All of these factors suggest that the covers on the main deck with accesses to the aft voids could not effectively be made watertight.
The shaft seals were typically leaking. Although the cofferdams would have contained the water to a confined area in the engine room, a hose carrying the discharge water from the port pump was leaking as it passed through the forward stern void.
Therefore, while water was being pumped out of the engine room, this hose would have leaked water into the forward stern void. Around the discharge hose where it penetrated the main deck, sealant had been poorly applied.
The sealant application, which had holes, was potentially an additional source of water ingress into the forward stern void.
On the deckhouse along the engine room door sills, poorly installed doubler plates designed to address wastage near the seam between the deckhouse and the main deck created another potential source of water ingress from the main deck into the hull. Gaps between the doubler plates and bulkheads were large enough to have allowed water on deck to enter the vessel.
The wastage, which extended into the overhead of the forward stern void, may have been the source of, or contributed to, the flooding of the space and the eventual sinking of the vessel.
Two penetrations found between the forward and aft stern voids rendered the bulkhead between the spaces non-watertight. Thus, water flooding one space would eventually flood the other space once the water level rose above the height of the penetrations.
The deckhand stated that the aft stern void was about three quarters full when he first opened the cover, which was a level above the penetrations.
Therefore, flooding of the forward stern void would have been ongoing. The flooding of the two stern voids would have increased stern trim and thereby decreased freeboard at the aft part of the vessel. On the day of the accident, waves as high as 3–4 feet with whitecaps were reported in the waterway where the Ms Nancy C was operating.
During normal operations, the vessel had a freeboard of about 2 feet. With the wave heights that day, it is likely that waves splashed against the port and starboard sides of the vessel as it was operating within the lake from approximately 0600 until the time of the accident at 1630.
Rain and water from the waves that puddled on the main deck could have then entered the voids through the loose access covers or wastage at the aft portion of the deckhouse. Because the voids of the towing vessel were not fitted with any high-water-level alarms, the crew was not warned of the onset of flooding.
In addition, the towboat had no fixed bilge system to remove water from the voids.
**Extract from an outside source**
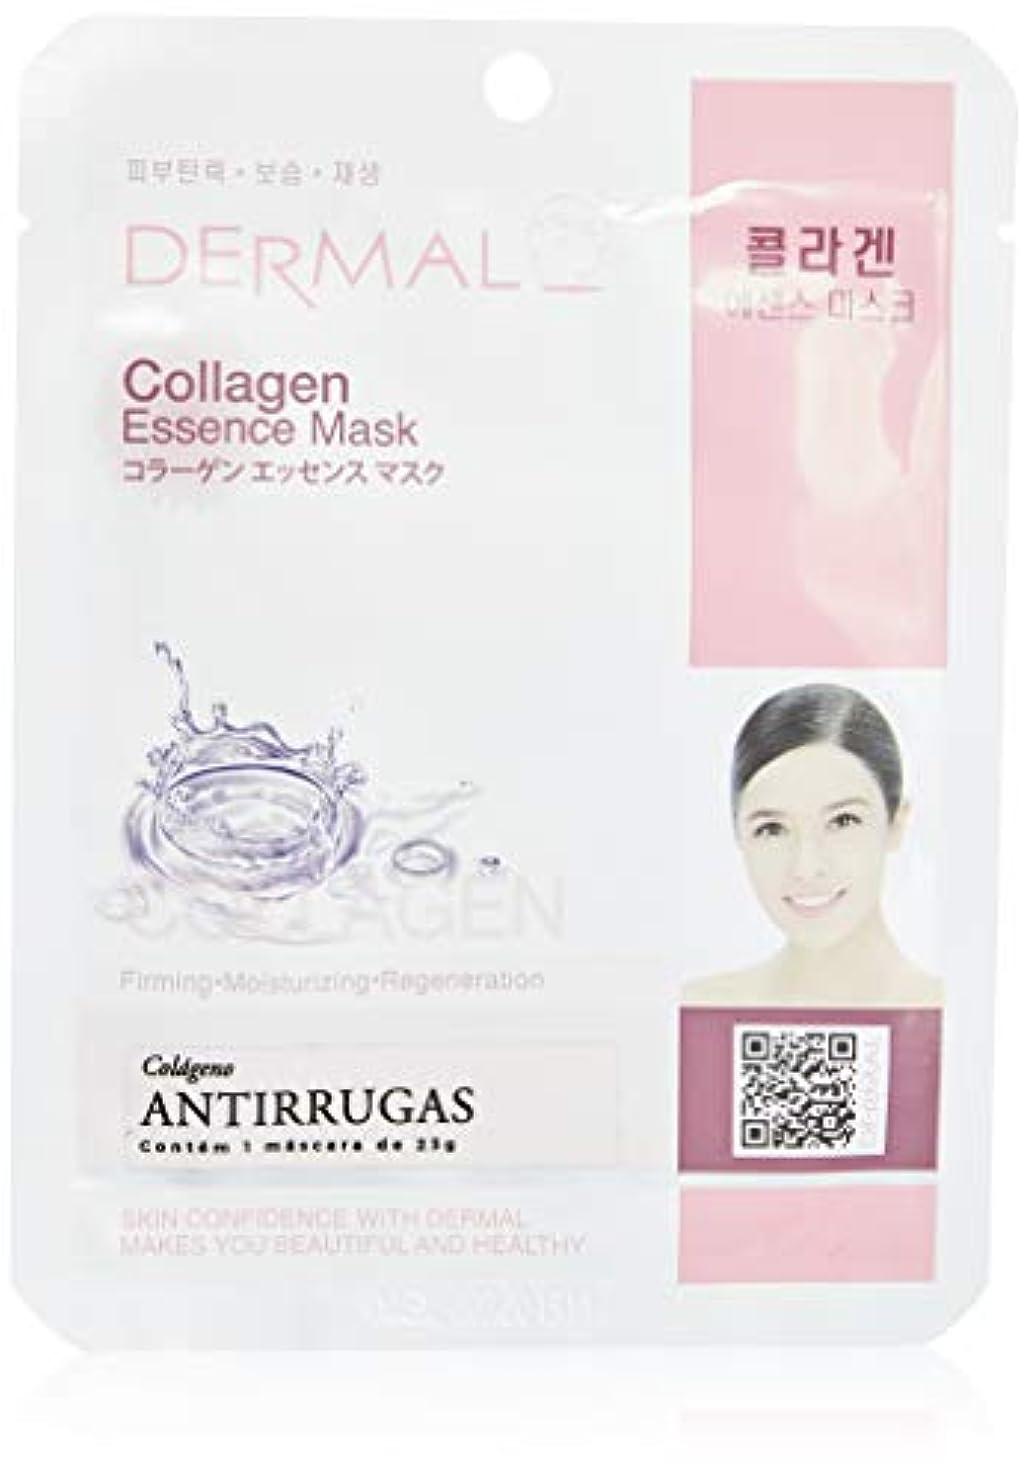 単調なオリエンタルアダルトシート マスク コラーゲン ダーマル Dermal 23g (10枚セット) 韓国コスメ フェイス パック

Therefore, to dewater the spaces the crew had to remove the access covers to the voids and run portable pumps through the accesses.
By the time the deckhand realized that the towing vessel was taking on water by the stern, the amount of water entering the vessel had exceeded the capability of the two portable submersible electric pumps he rigged to dewater or mitigate the water ingress threat to the vessel.
This quantity of water increased the stern trim and decreased the aft freeboard to a point where water on the main deck was able to freely enter the three open access covers to the stern voids, as well as through several other loose access hatches and poorly fitted doubler plates intended to cover holes created by deckhouse corrosion.
As the vessel sank further, water would then have entered the engine room through wastage on the aft side of the deckhouse and over the sills of the open engine room doors.